Normalization is a part of relational theory, meaning that there will be math and there will be discussions of formal logic.

I will do my best to minimize the learning curve, but we're ultimately solving math problems using logical analysis.

Also, some of these normal forms are not well-understood outside of academic circles and so your interpretation of the forms may not match what I'm going to describe.

The Source

The source of most of today's talk is C.J. Date's Database Design and Relational Theory, 2nd Edition (Apress, 2019).

The Scenario

Our scenario is a music studio, responsible for managing artists, cutting albums, marketing, and distribution.

This studio is working on a centralized database system but their application developers don't have much experience and would like our advice on how to do things the right way.

Agenda

  1. The Basics
  2. 1NF
  3. BCNF
  4. 5NF
  5. 4NF
  6. 6NF
  7. Normalizaton and...

What is Normalization?

Normalization is a set of logical rules and processes to follow.

Normalization works off of a logical data model.

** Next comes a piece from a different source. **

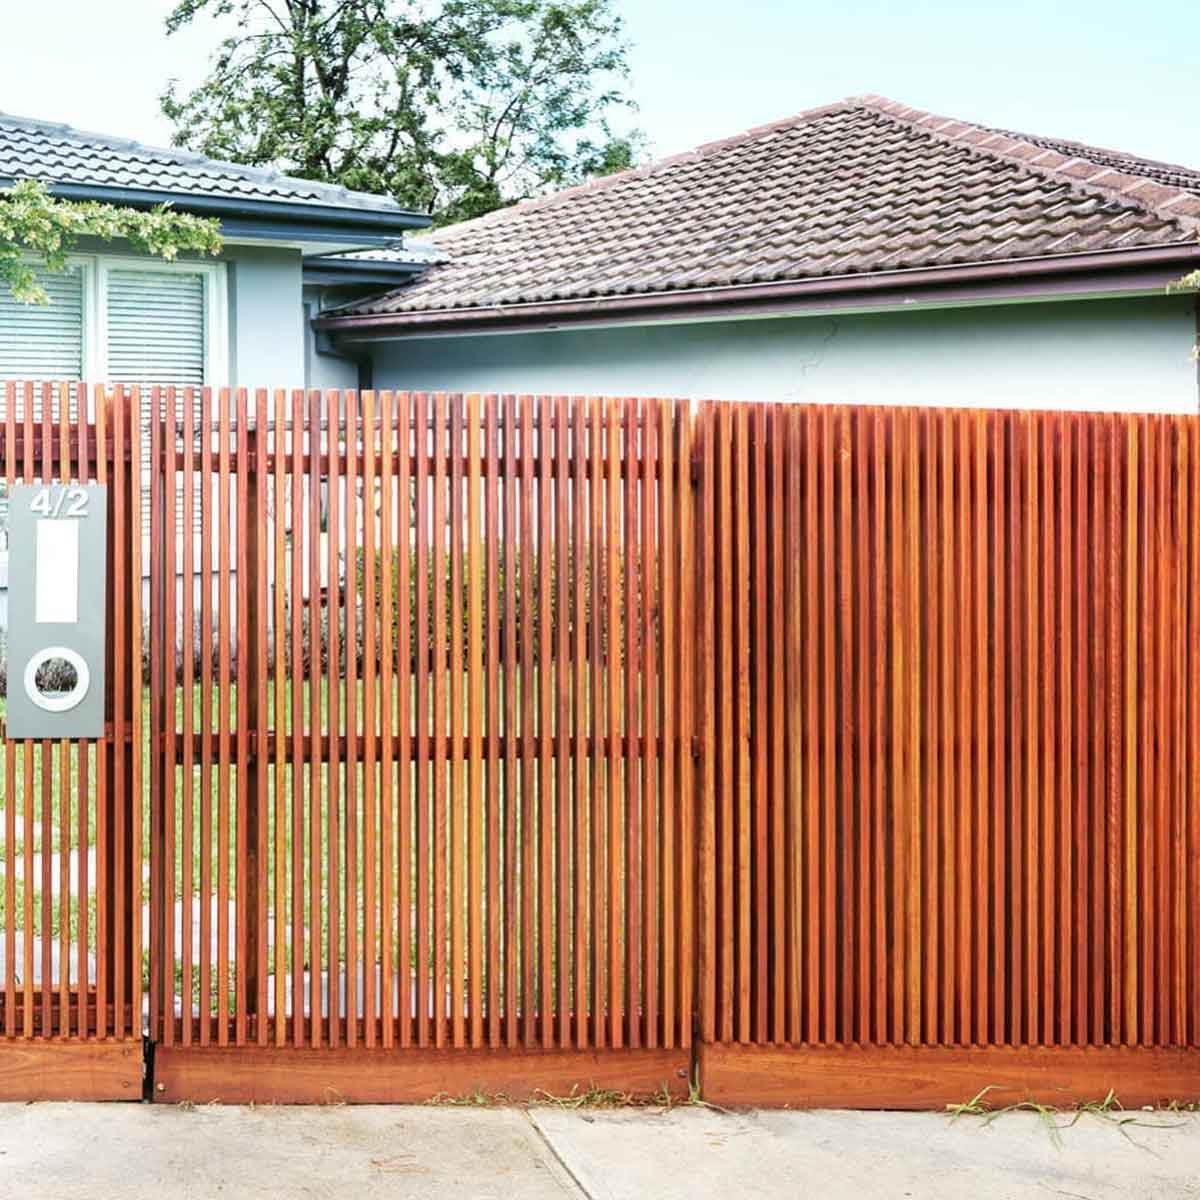 10 Interesting Front Yard Fence Ideas | The Family Handyman

From there, we can (theoretically) adapt to a physical data model for implementation.

Quick Primer on Terminology

We're used to thinking in terms of tables, rows, and columns. Let's take a step back and talk about the data modeling terms.

Goals of Normalization

  • Remove redundant data
  • Fix incorrect designs
  • Achieve a design which is a good representation of the real world
  • Simplify the statement and enforcement of certain integrity constraints

The Normal Forms

Normal Forms Ranked by Importance

Agenda

  1. The Basics
  2. 1NF
  3. BCNF
  4. 5NF
  5. 4NF
  6. 6NF
  7. Normalizaton and...

What 1NF Is

First normal form (1NF) is all about key rules and the shape of tuples.

Given relvar R with heading H containing attributes A1...An of types T1...Tn, all tuples follow heading H and have one value of type Ti for attribute Ai.

In Other Words

Artist (CHAR) Album (CHAR) ReleaseYear (INT)
Tsunami Bomb The Ultimate Escape 2002
Tsunami Bomb The Definitive Act 2004
Tsunami Bomb Trust No One 2016

Adding a new tuple t(Tsunami Bomb, The Spine that Binds, 2019) requires that the new tuple's heading, with attributes and types, matches the existing relvar's heading.

The Rules on 1NF

First normal form (1NF) has a few rules:

  • New tuples match the existing relvar's heading.
  • All tuples must have values for all attributes. This means NULL violates 1NF!
  • No duplicate tuples are allowed
  • Attribute order does not matter for tuples
  • Tuple order does not matter for relations
  • All attributes are regular: they have a name, a type, are not hidden, etc.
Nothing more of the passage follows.